Paris-based Pathe wants to be an exception, not least because it also runs a large chain of cinemas.
Borrowing from the Hollywood playbook, it has thrown large budgets at "Asterix and Obelix: The Middle Kingdom", and "The Three Musketeers" which follows in its wake.
A reworking of "The Count of Monte Cristo" and a Charles de Gaulle biopic are also in the pipeline.
Pathe president Ardavan Safaee told AFP last year that the French system of producing hundreds of small, arty films "isn't viable in the long-term" and that France needs "more spectacular" fare to compete with Hollywood blockbusters and streaming platforms.
- 'The joy, the celebration' -
The strategy will likely work at home: the four previous live-action Asterix movies (between 1999 and 2012) sold some 35 million tickets in France and almost the same again around Europe.
The latest takes no chances, with popular stars (including Marion Cotillard and Vincent Cassel as Cleopatra and Julius Caesar) alongside cameos from rappers, YouTubers and even footballer Zlatan Ibrahimovic designed to tempt younger viewers back to cinemas.

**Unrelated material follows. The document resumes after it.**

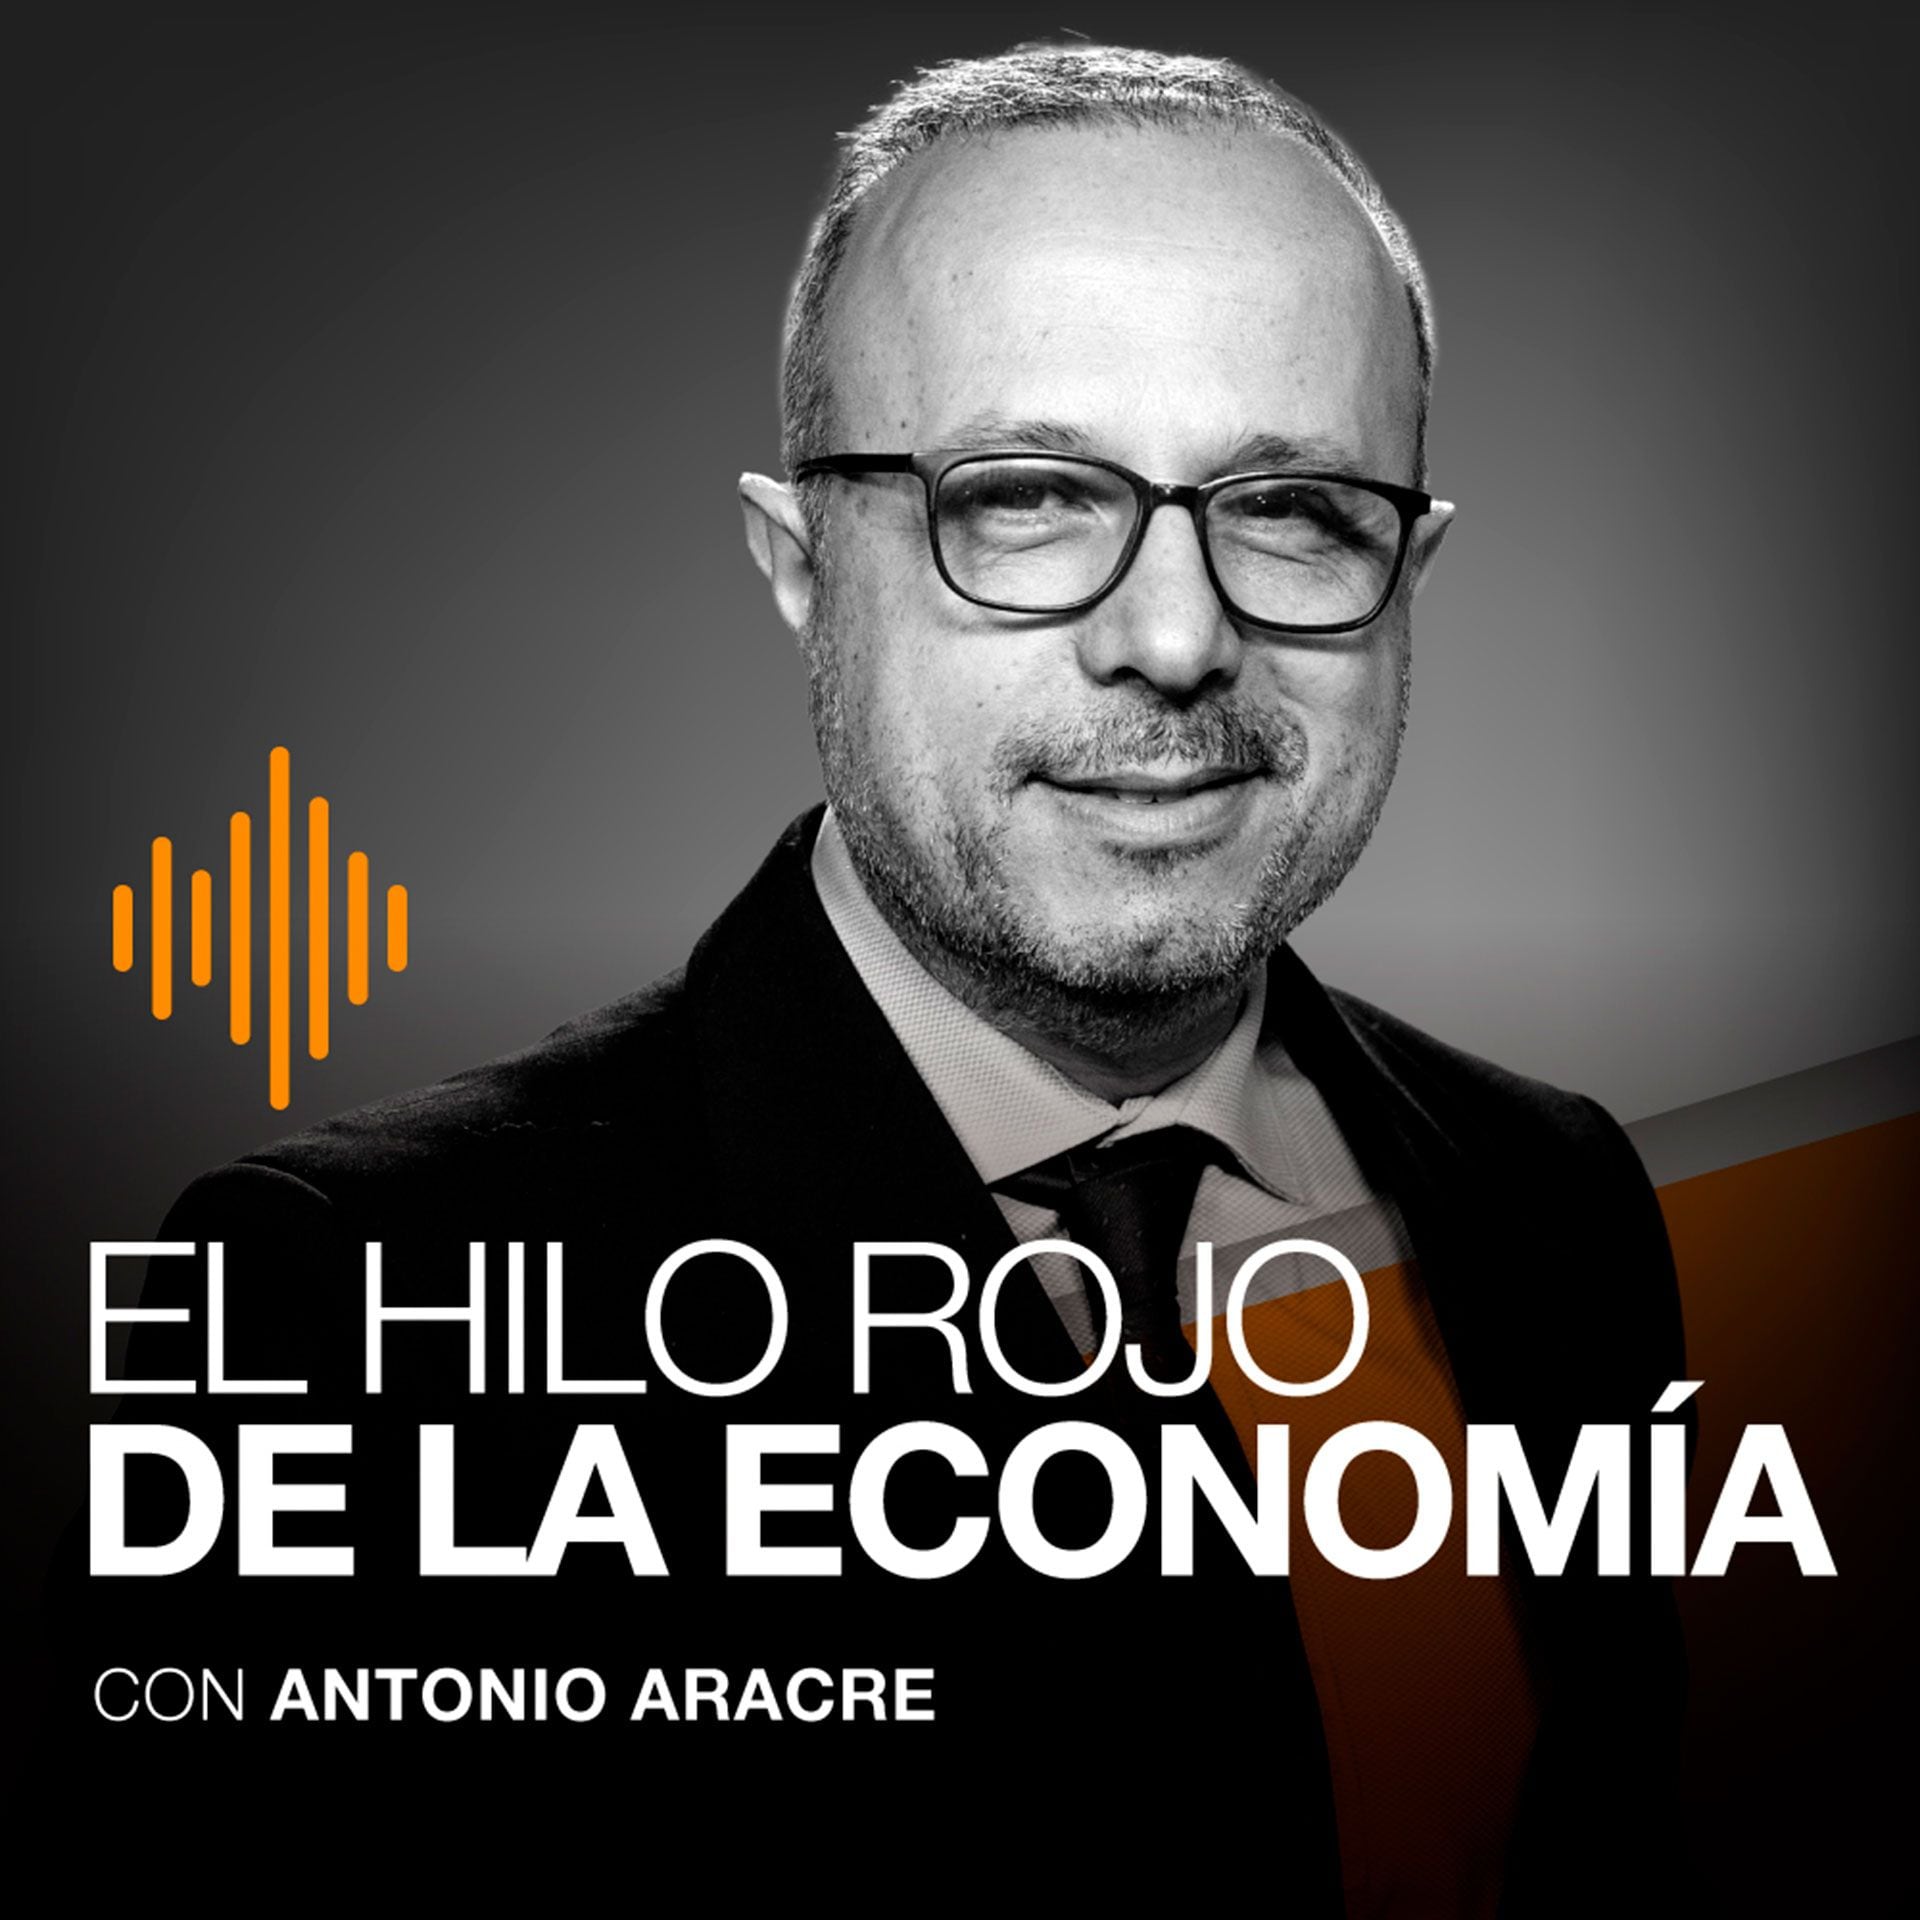 El hilo rojo de la economía - Antonio Aracre

"Big films like this represent the joy, the celebration of making cinema in a very free and very broad way," said Gilles Lellouche, who inherits the large britches of Obelix from previous star Gerard Depardieu.

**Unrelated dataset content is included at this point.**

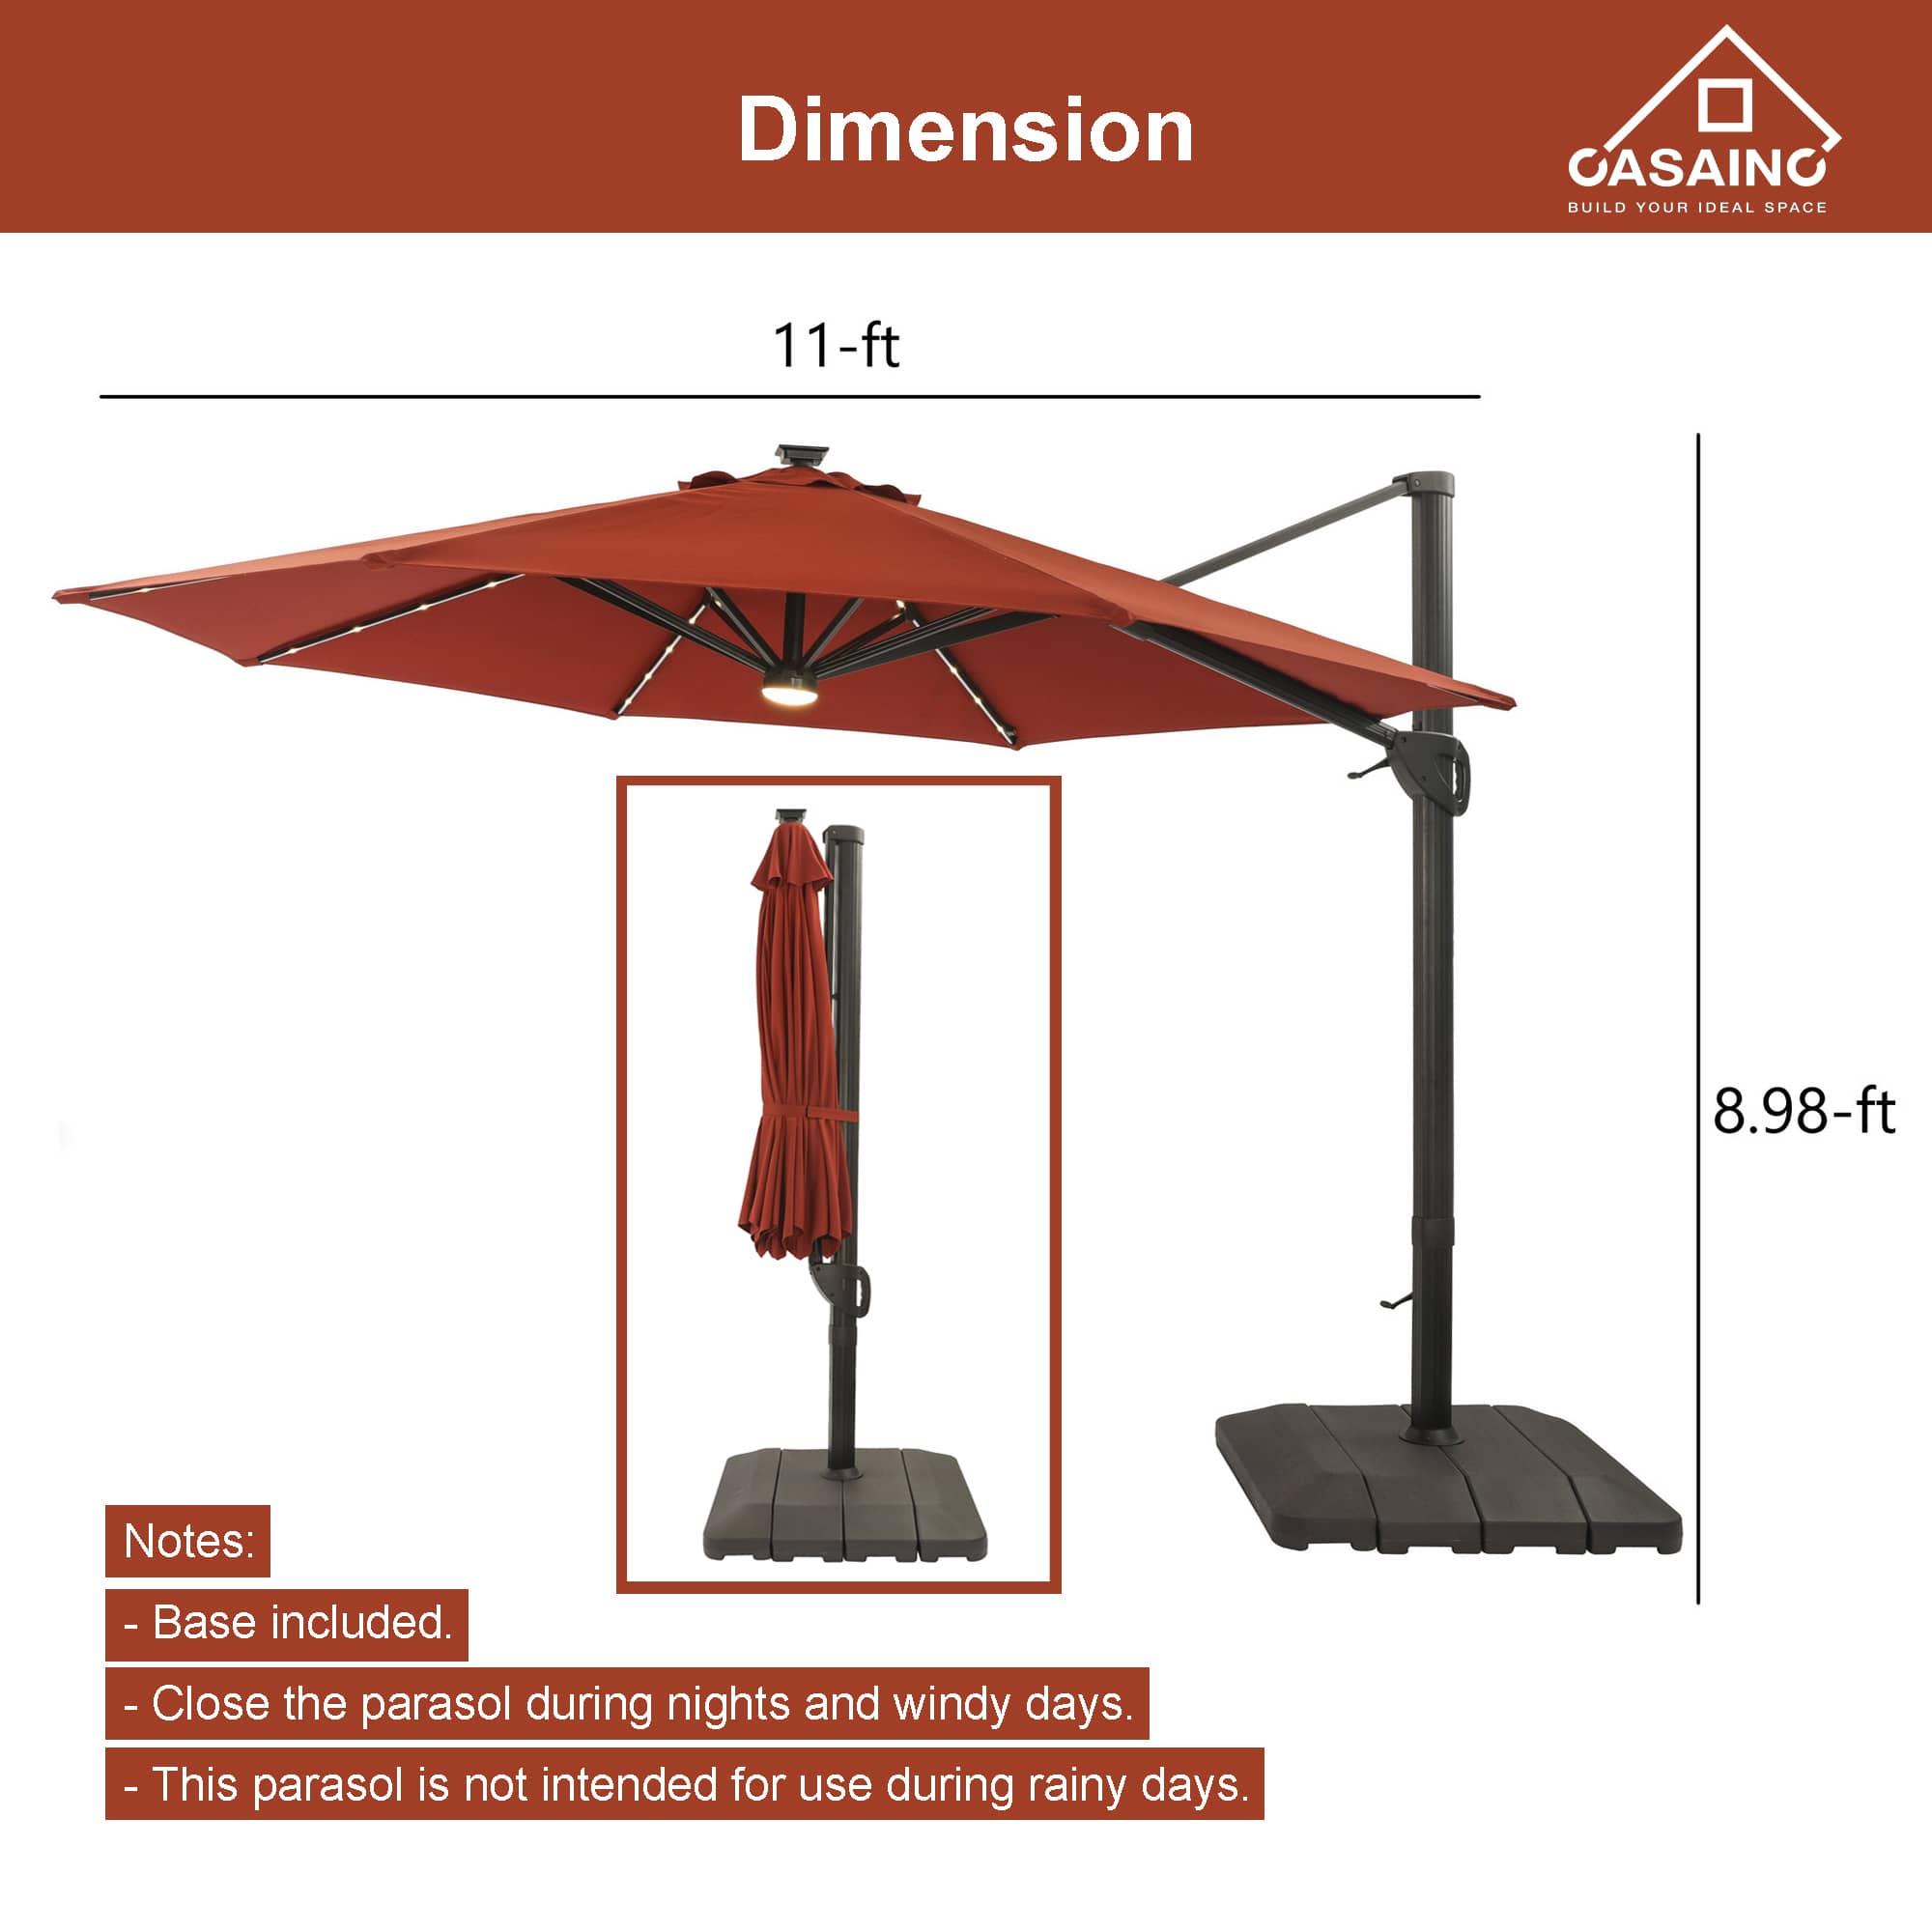 11 ft. Illuminated Patio Umbrella with Base Dimensions

Outside Europe, the prospects are less clear.
The makers had hoped for success in China, where the film is set. Director Guillaume Canet (who also stars as Asterix) travelled with President Emmanuel Macron to Beijing in 2019 to win the right to film on the Great Wall. But the pandemic ultimately scuppered the plan, and the film has yet to find a Chinese distributor.
Britain and the United States are also tricky markets since audiences are unaccustomed to dubbed or subtitled family fare.
It has been more than a decade since "The Artist" and "The Intouchables" broke records abroad. But despite occasional blockbusters like "Lucy" and "Valerian and the City of a Thousand Planets" from Luc Besson, overseas ticket sales have been on a downward trend.
That could change. It's no surprise that "Asterix" is being released on Netflix in the US -- the streamer has done much to overcome traditional American aversion to subtitles with hit foreign shows, including France's "Lupin" and "Call My Agent".
"The time is right for updates of 'The Three Musketeers' and 'Asterix' to find success in America where fans are hungry for movies and shows with diverse and exciting points of view," said Paul Dergarabedian, of US media analysts Comscore.